Trial Court Erred By Dismissing Deputy District Attorney’s Disability Discrimination and Whistleblower Claims

Category: Fire Watch
Date: Aug 8, 2019 03:31 PM

Christopher Ross worked for the County of Riverside (“County”) as a deputy district attorney. In 2011, the County assigned Ross a murder case in which Ross believed the accused person was innocent. Ross emailed his supervisors twice indicating that he did not believe the County could prove the case beyond a reasonable doubt, and recommending that the dismissal of the case.

The case was not dismissed.  Over the next two years, Ross obtained more evidence exculpating the accused person. For example, Ross:  received DNA testing results indicating the accused did not commit the crime; identified a witness who implicated the accused’s roommate in the murder, and obtained recordings of two telephone calls the roommate made from jail in which the roommate admitted to murdering the victim.
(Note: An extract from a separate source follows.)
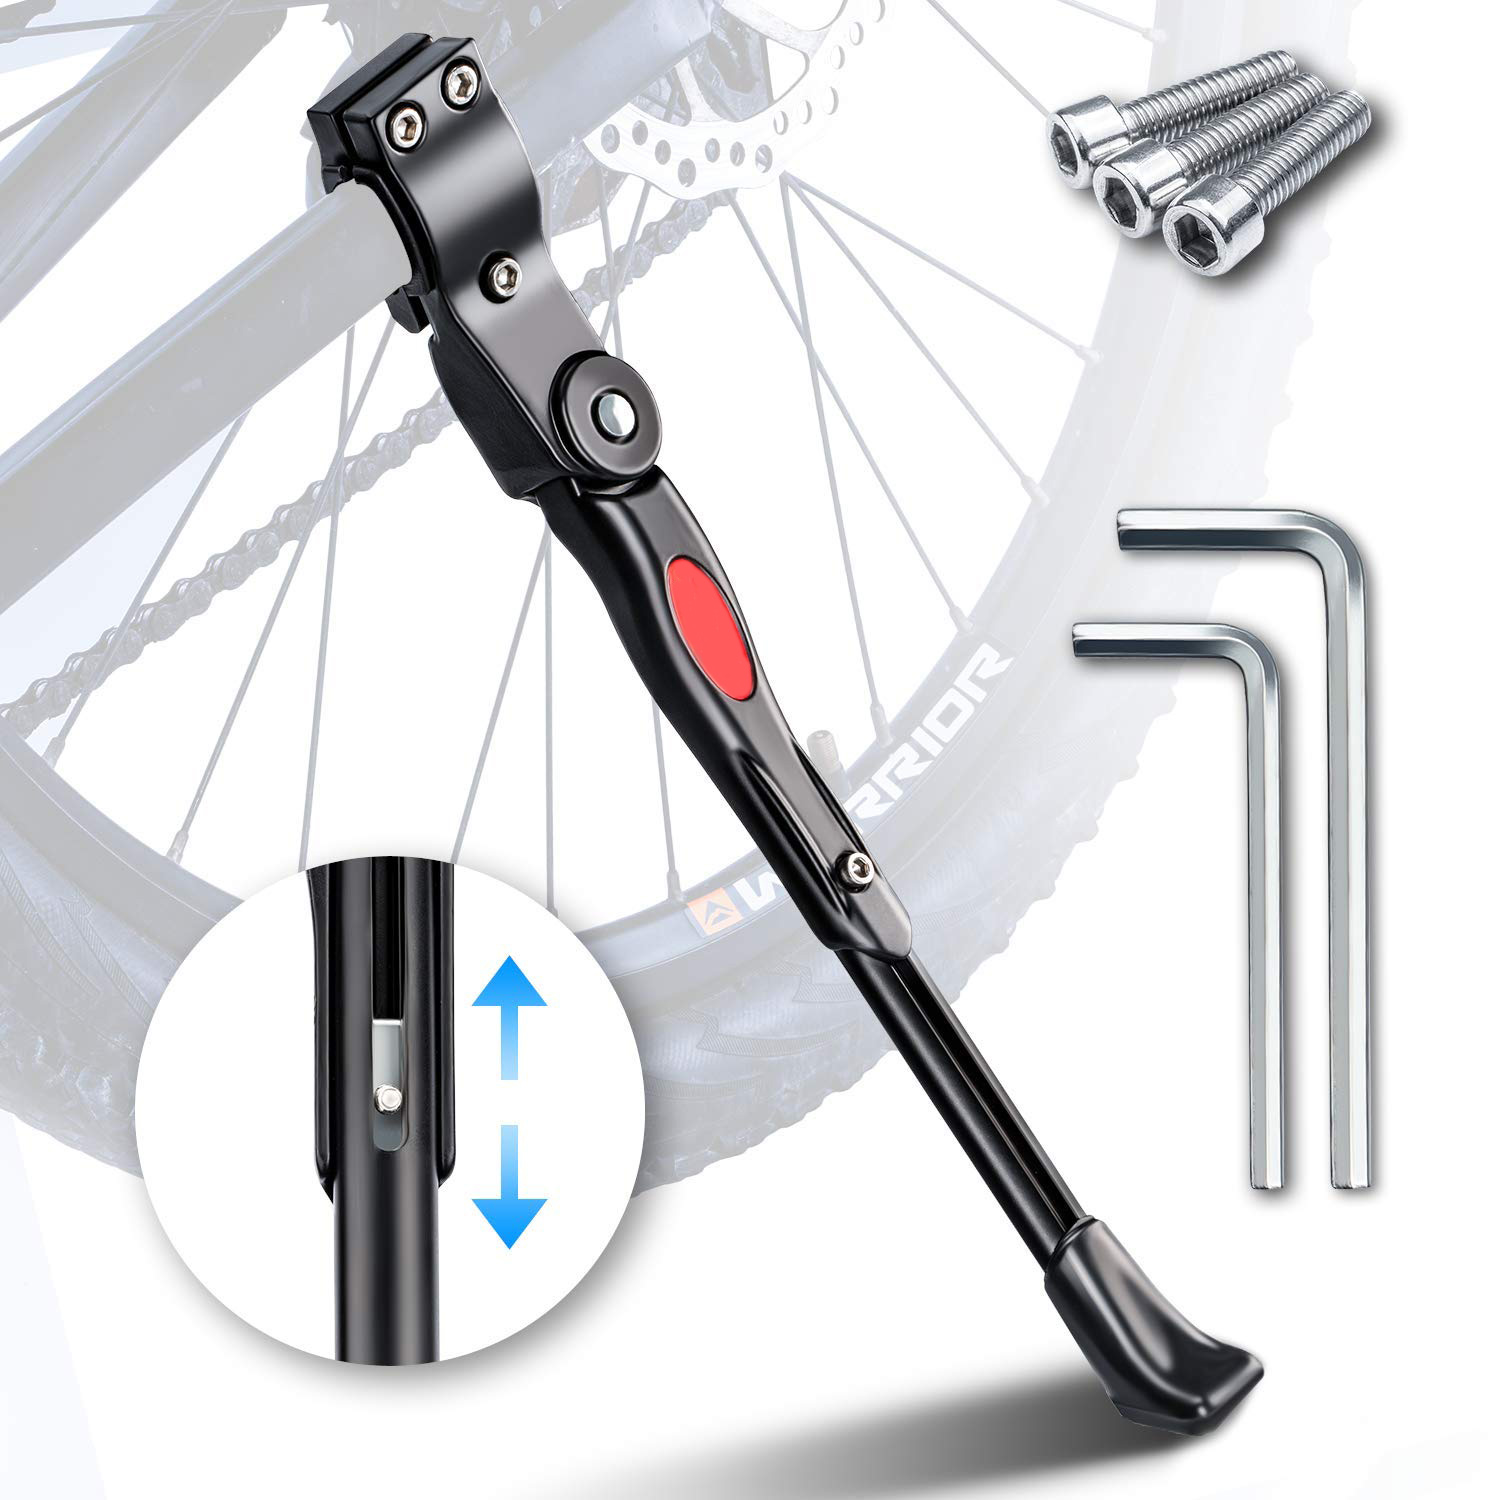 Adjustable Aluminum Alloy Bicycle Parking Side Kick Stand Rear Leg Brace Support Quick Release with Anti-Skid Foot for 26//27.5 Bike Kickstand 29in Mountain Road Bikes

Despite Ross’ repeated requests from 2011 to 2013, the district attorney’s office did not dismiss the case until February 2014. Ross believed that the district attorney’s office was violating the accused’s due process rights by pursuing an allegedly malicious prosecution, but Ross never expressly informed his supervisors that he believed the office was violating state or federal law.

During this same time, Ross learned he was exhibiting neurological symptoms that required evaluation and testing. While Ross was undergoing testing at an out-of-state clinic, he requested a number of accommodations to reduce his workplace stress. However, the district attorney’s office either denied Ross’ requests or did not follow through with the accommodations.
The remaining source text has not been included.